Tradicionalmente, a agricultura é uma mola impulsionadora do Valor Bruto de Produção (VBP) no Paraná. Porém, na temporada 2012/22, a atividade sofreu uma queda de oito milhões de toneladas na produção de soja, levando a uma redução na sua participação no VBP total de 49%, em 2021, para 44%, no ano seguinte. A queda não teve impacto maior porque os preços das commodities registraram aumentos expressivos. Com 12,6 milhões de toneladas produzidas naquela safra, ainda assim a oleaginosa permaneceu como a principal cultura, respondendo por R$ 35,8 bilhões (ou 19%) do VBP.

Em termos financeiros, boa parte do desempenho se deve ao cenário internacional.
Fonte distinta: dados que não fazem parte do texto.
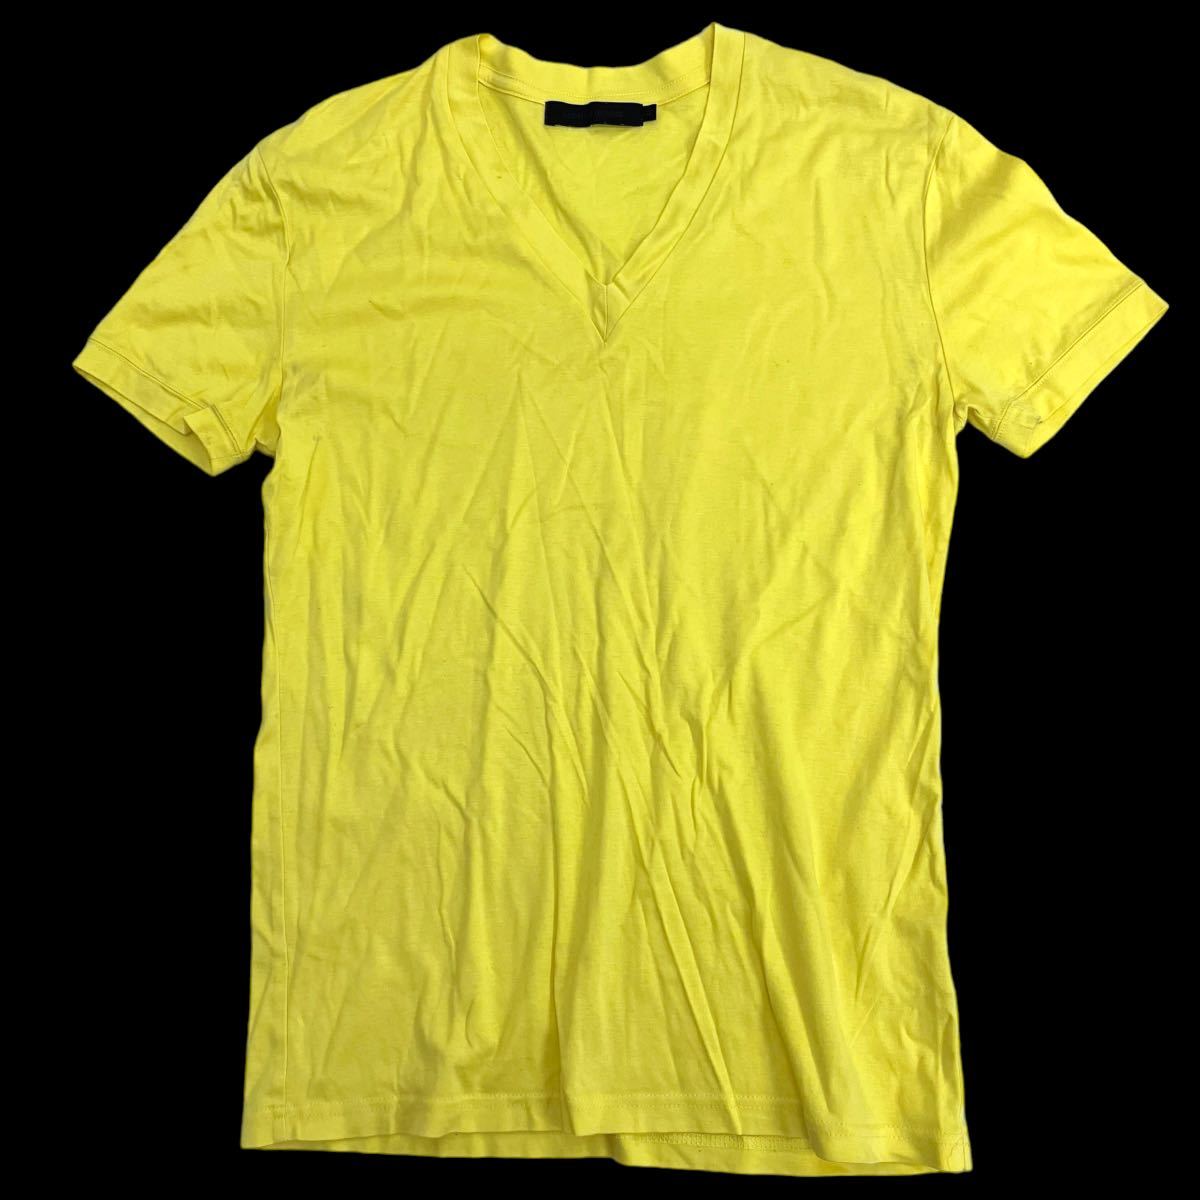 LITHIUM HOMME / リチウムオム メンズ カットソー Vネック 半袖Tシャツ イエロー 46サイズ Sサイズ相当 O-1444_画像1

A seca no Paraguai e na Argentina, dois dos maiores produtores de soja no mundo, mexeu com os mercados. Além disso, o conflito entre Rússia e Ucrânia manteve os ânimos acirrados e pressionou as cotações das comodities agrícolas. Somado a isso, no Brasil, questões internas, como as constantes tensões políticas e os rumos da política econômica, fizeram o dólar subir, o que também impactou nas cotações.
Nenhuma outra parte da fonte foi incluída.